We first generated predictions under the SFL model (Supplementary Fig. 3j). Mirroring the previous experiments, participants in the congruent condition should follow the majority whereas participants in the incongruent condition should follow the minority at the outset of the test phase. The results of Experiment 4 closely match these predictions: participants in the congruent condition chose the majority option more (73%) than participants in the incongruent condition (14%, logistic regression of difference between conditions: β = 2.86, s.e. = 0.33 z = 8.6, two-tailed p < 0.001, 95% CI [2.21, 3.51], Fig. 3c). Similarly, participants in the incongruent condition chose the minority option (50%) more than participants in the congruent condition (10%, logistic regression of difference between conditions: β = 2.26, s.e. = 0.35, z = 6.53, two-tailed p < 0.001, 95% CI [1.57, 2.95]). These results confirm that the validity of the SFL model extends to more realistic settings with a larger number of behavioural options23,63,64.

In Experiment 5 (n = 388), we tested whether learning about social features would generalize to a new, dissimilar social situation. The purpose was to rule out that the flexibility of social learning hinged on the similarity of the test and learning phases in Experiments 1–4. As in Experiment 1, participants first completed a learning phase in which others’ choices indicated either the high-reward or low-reward option (congruent/incongruent condition) and subsequently a different social influence task65. On each trial of this task, participants submitted an estimate of the number of items they saw on the screen. Afterwards, they were exposed to the estimate of another participant and could change their initial estimate. The degree of social influence was measured by the extent to which the initial estimate was modified after observing another person’s estimate65.

The SFL model predicts that participants in the congruent condition should be more influenced by others’ estimates than those in the incongruent condition. Consistent with the SFL model prediction, participants in the congruent condition were 29% more susceptible to social influence (median = 0.36) than those in the incongruent condition (Fig. 3d; median = 0.27; W = 21,150, two-tailed p = 0.004, 95% [0.02, 0.12]; see Supplementary Information Section 2.4 for additional analyses). Moreover, participants’ weight of the social feature (wothers), estimated by the SFL model at the end of the learning phase, predicted individual differences in this susceptibility (robust regression: β = 0.2, s.e. = 0.07, t = 2.72, two-tailed p = 0.007, 95% CI [0.06, 0.35]; see Supplementary Fig. 4). These results demonstrate that the learned weight of social features generalizes across distinct social situations, providing further support for the SFL model.

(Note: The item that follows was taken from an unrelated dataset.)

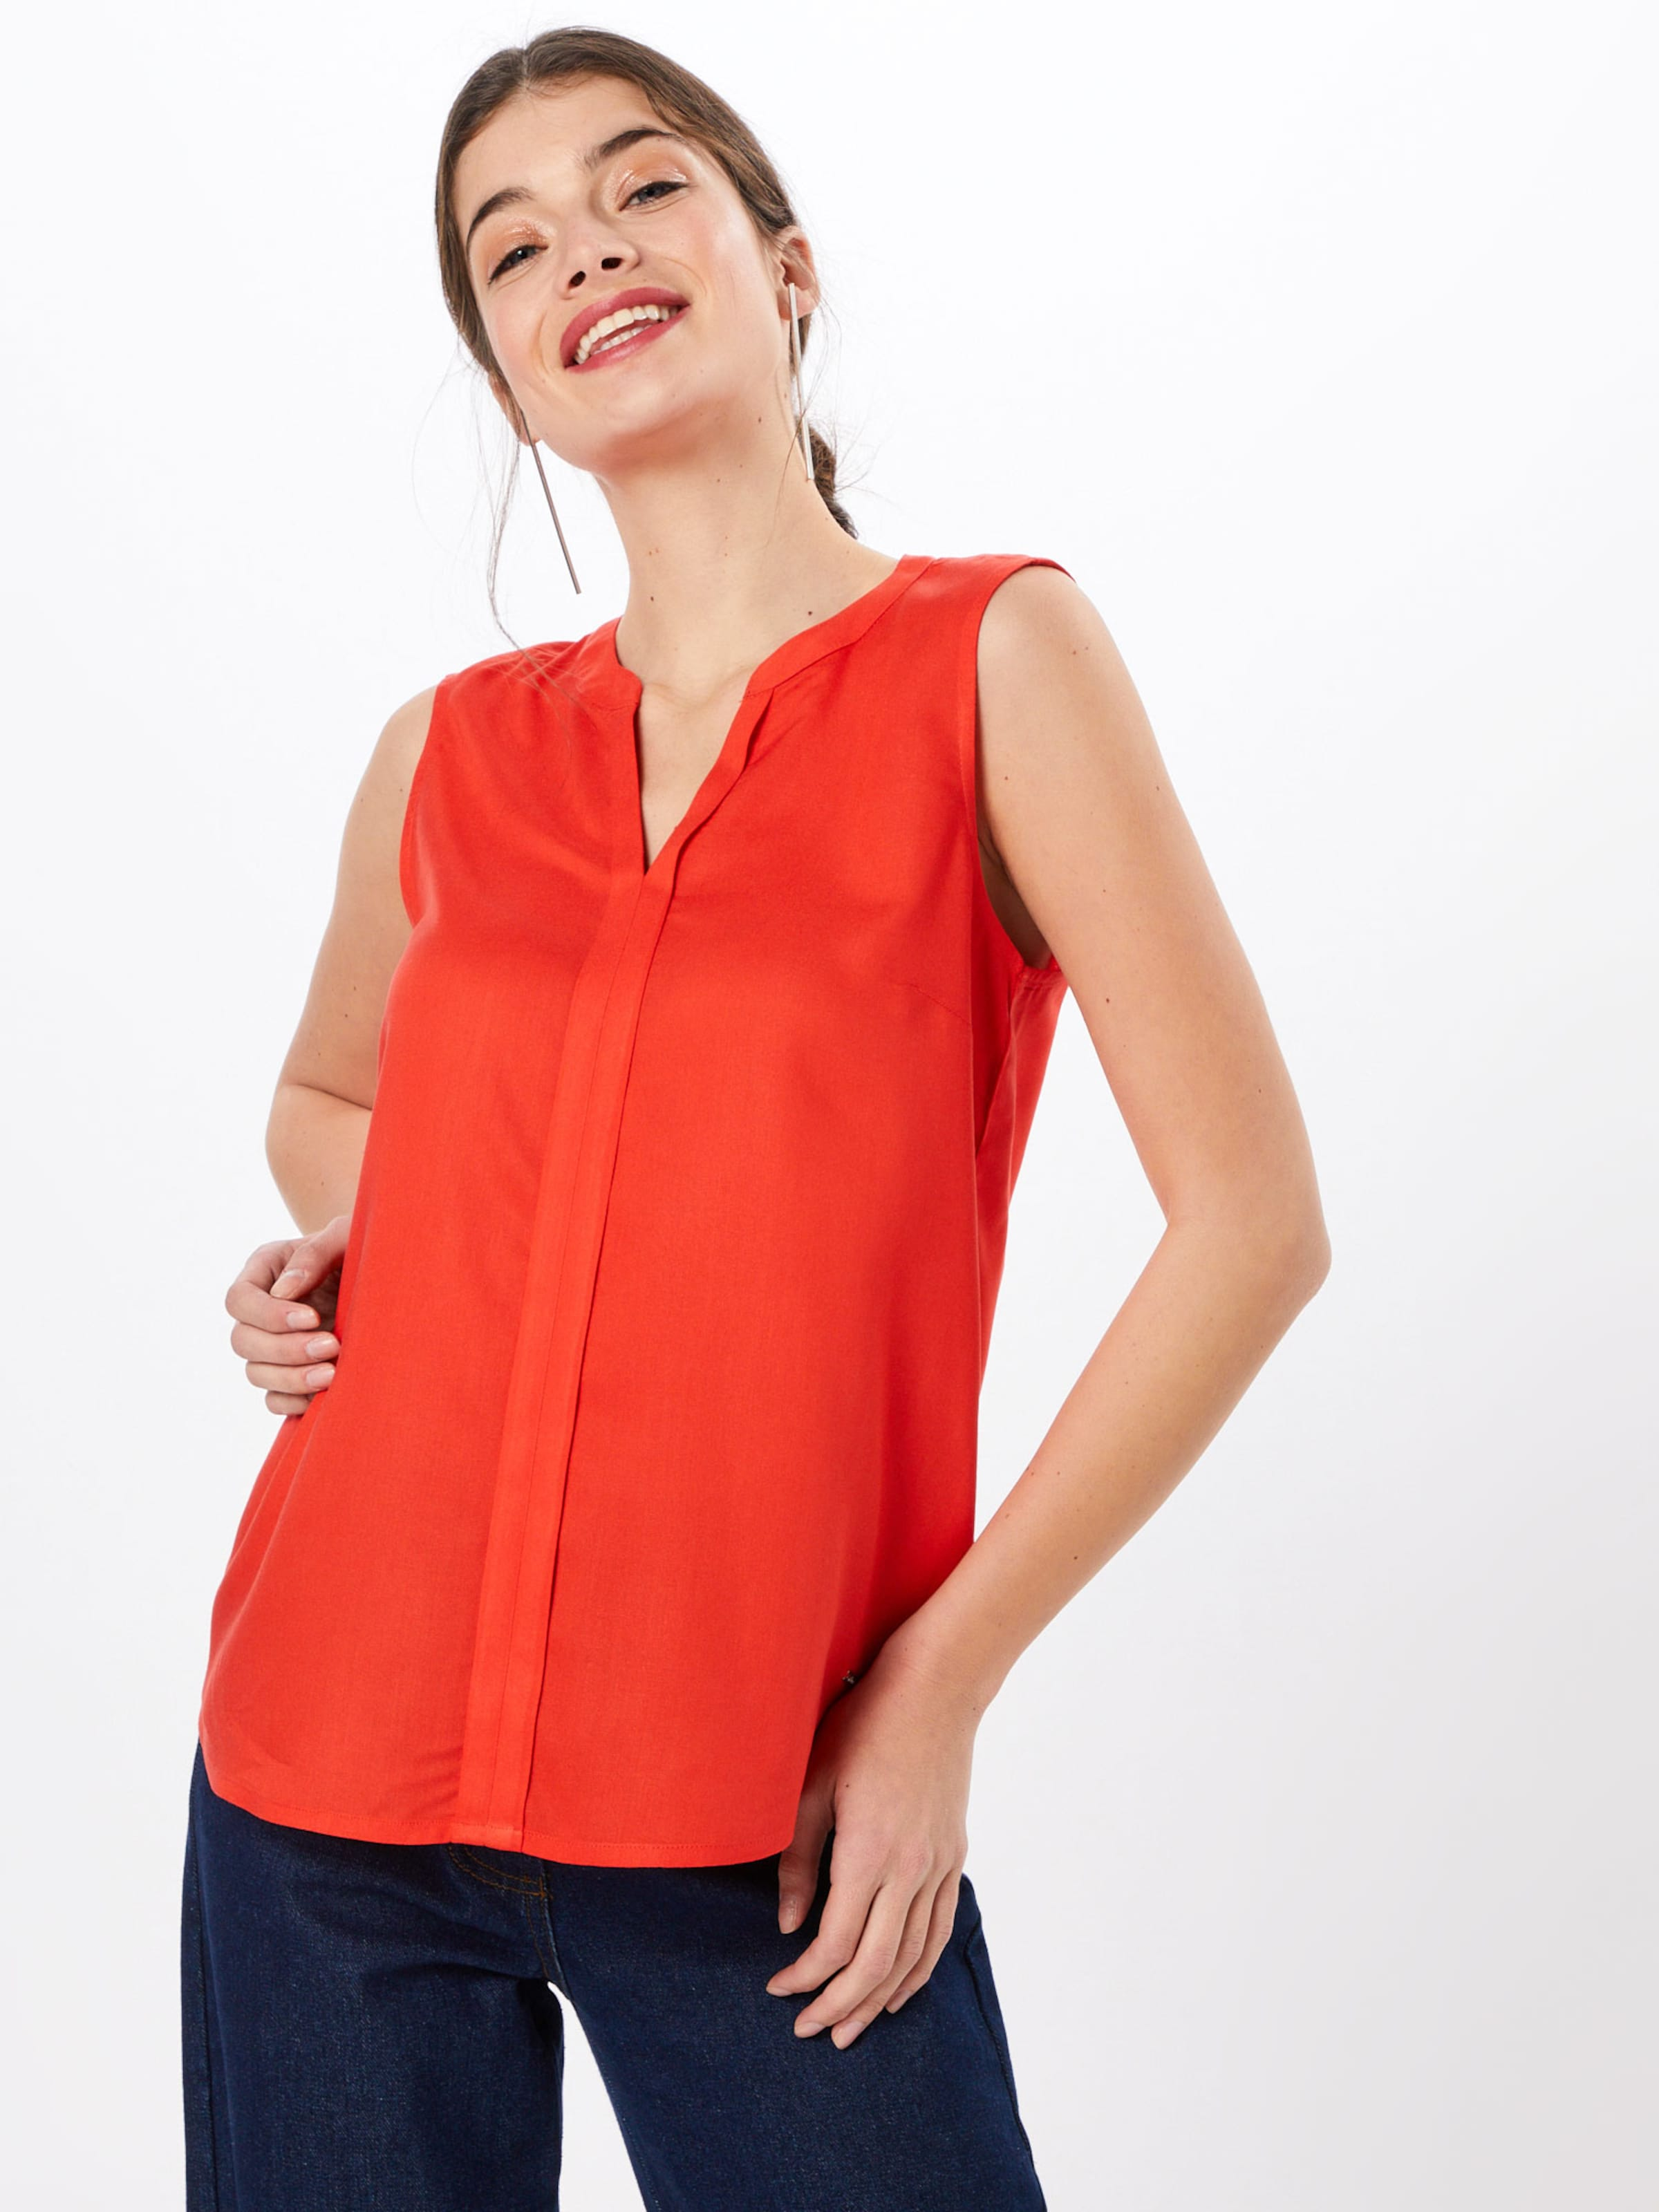 Orangerot Tom Denim Bluse Tailor In 0wknOP8X

In conclusion, the results from Experiments 1–5 provide convergent support for the first core assumption of the SFL model: people learn the value of social features from experience, which in turn strongly impacts how they learn from others.

The same learning mechanism operates on non-social and social features of the environment

After Experiments 1–5 verified the first core assumption of the SFL model—people learn the value of social features from experience—the concluding Experiment 6 (n = 309) aimed to test the second core assumption of the SFL model: a single learning mechanism operates on both social and non-social features.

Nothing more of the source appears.